The fund companies also say it has become more expensive to sell through individual brokers and advisers, but they feared being the first to change the pay formula and losing salespeople to competitors.

"There has been a lot of talk about whether there was a better way to do it, but gross payout remains the standard," said Rick Ledbury, vice president of data services at the Money Management Institute, a trade group for fund companies. "BlackRock is a huge player in the space. People are obviously going to take notice."

In a poll of members in late March and early April, 96 percent of respondents said they used gross sales as their primary compensation driver. Almost half of those, however, said they used some "net" profit element in the calculation.

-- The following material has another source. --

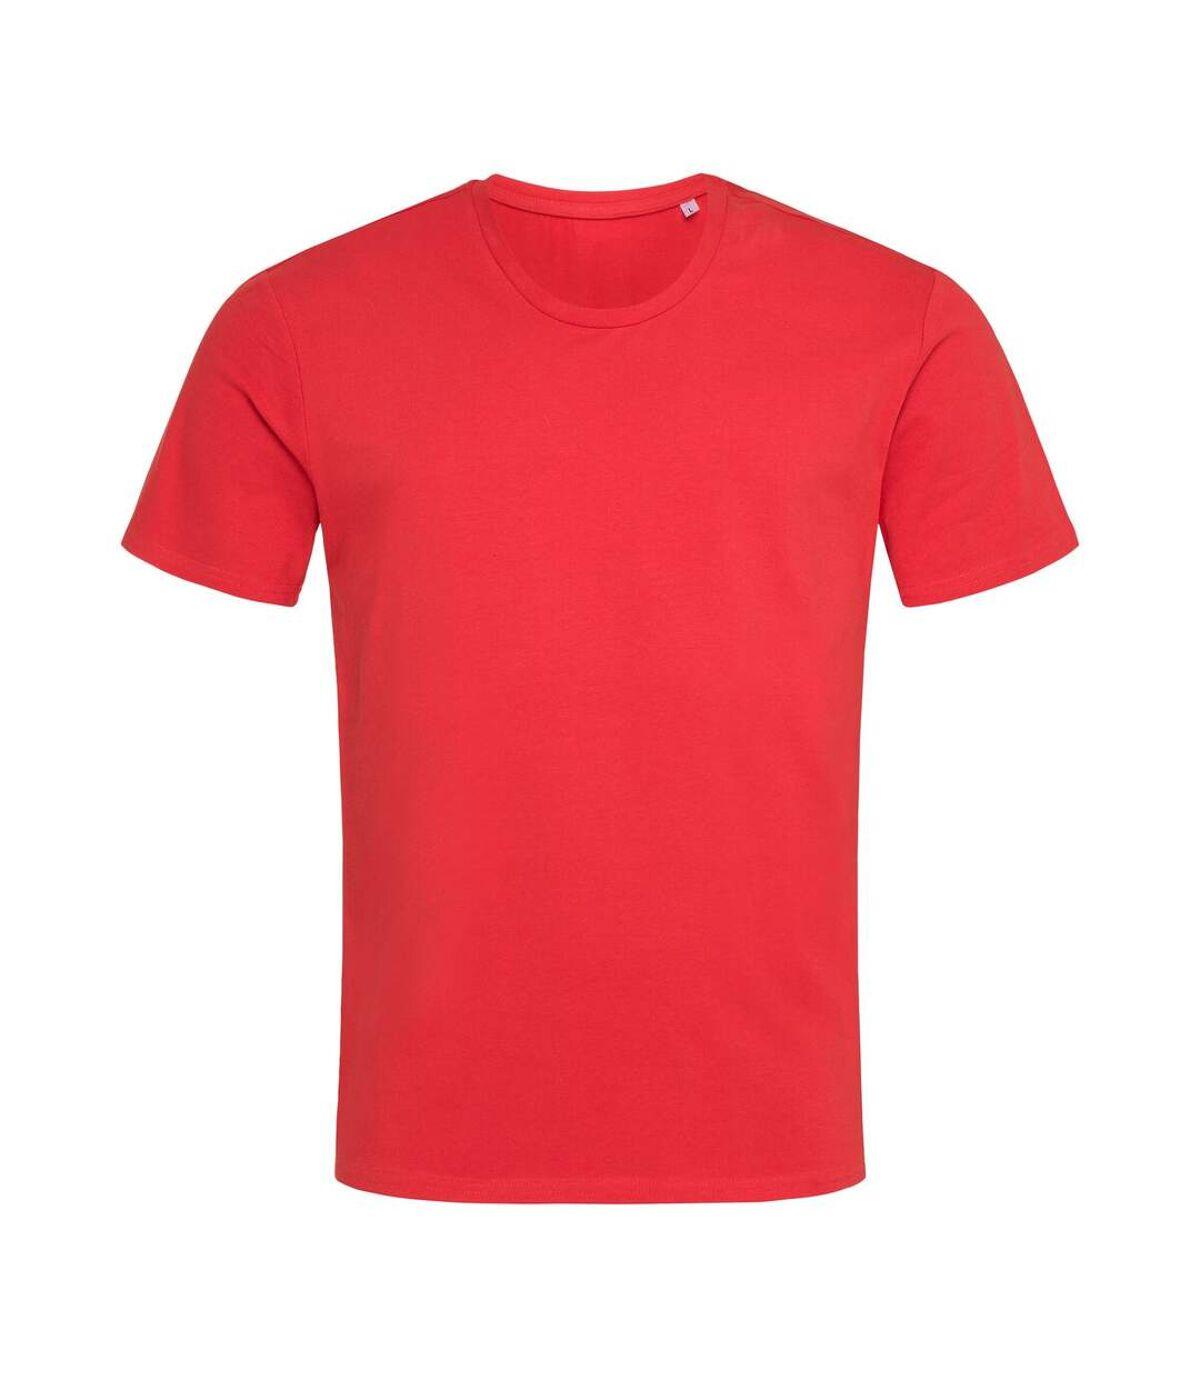 Stedman Mens Stars T-Shirt (Scarlet Red) - UTAB468
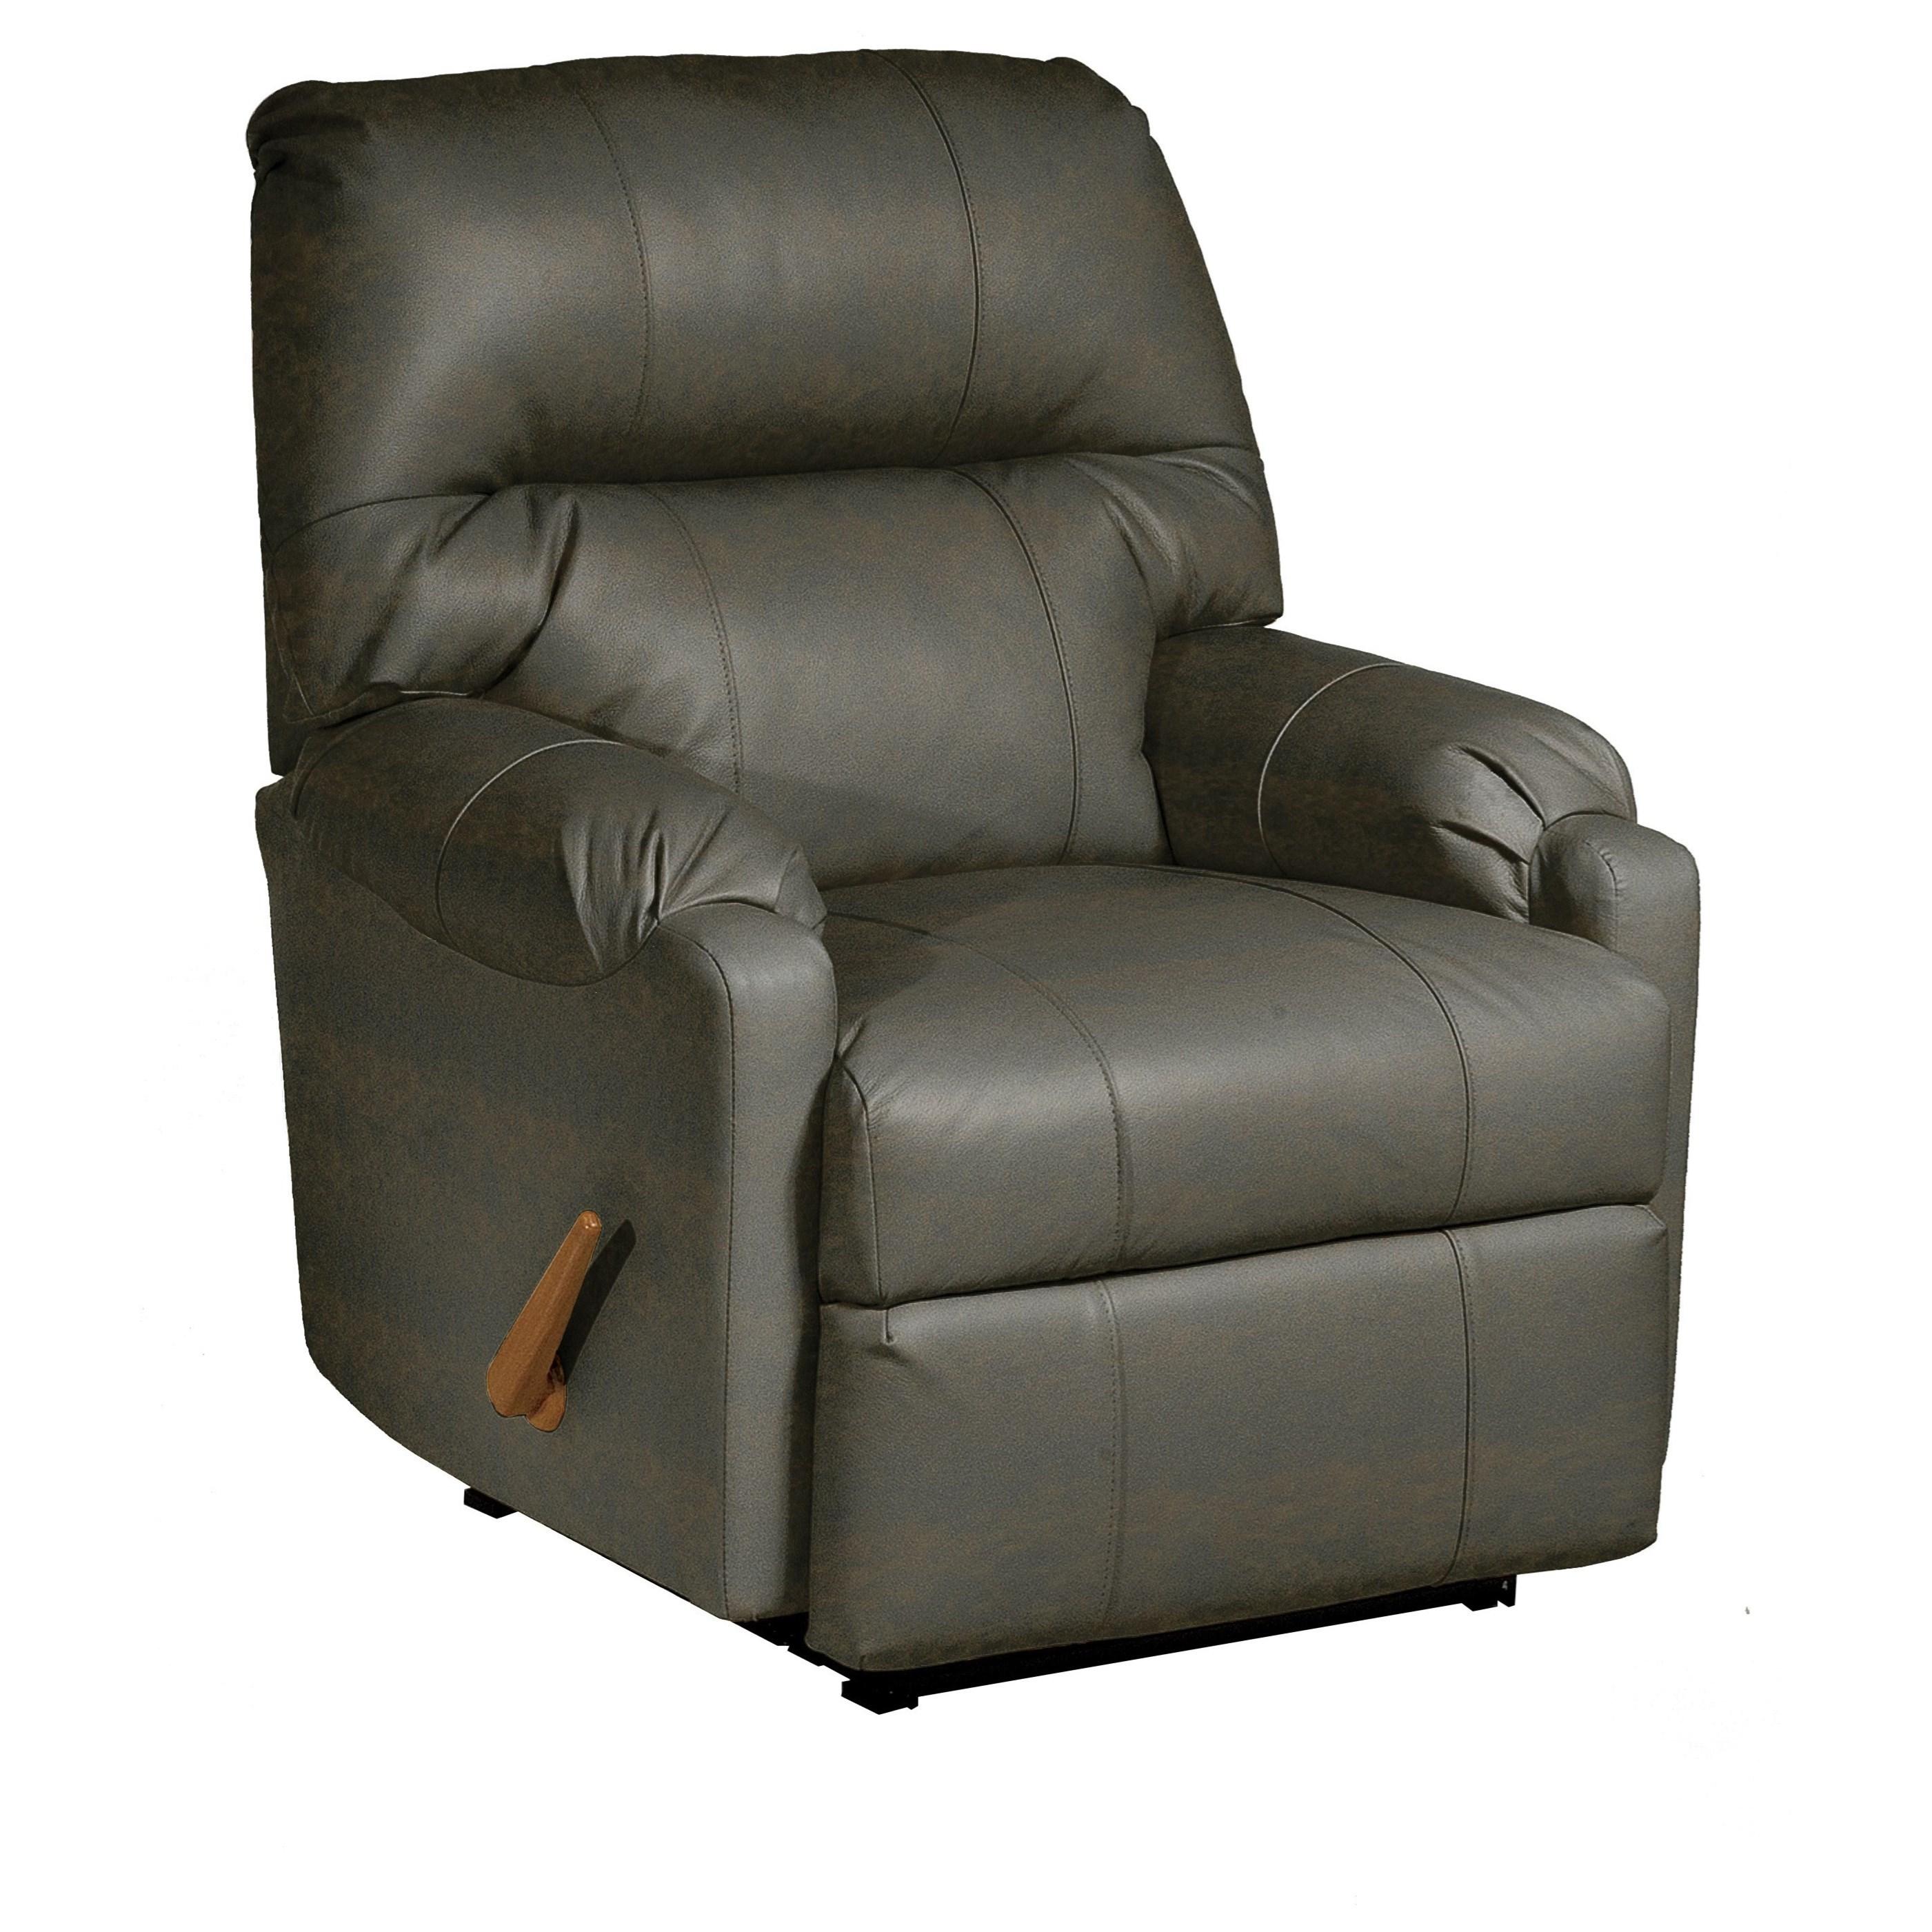 Best Home Furnishings JoJo Wallhugger Recliner - Item Number: -1794850838-24783U

Porcelli said "a substantial portion" of BlackRock (Berlin: BLQA.BE - news) compensation now takes into account how long funds are held and other elements that contribute to the company's profitability.

"To incent someone to get a dollar of business and have the buyer hold it for three weeks is not good business for anybody," he said. "We want them to focus on people who are buy-and-hold investors, people who are using our products the right ways."

BlackRock pays its executives on net metrics, so putting salespeople under a similar formula is "a good alignment of interest from my perspective," Porcelli said, adding that his sales teams have taken the change with relative calm.

"We have a lot of credibility with them," he said. "Our goal is to attract and train the best talent in the industry and pay them at those levels."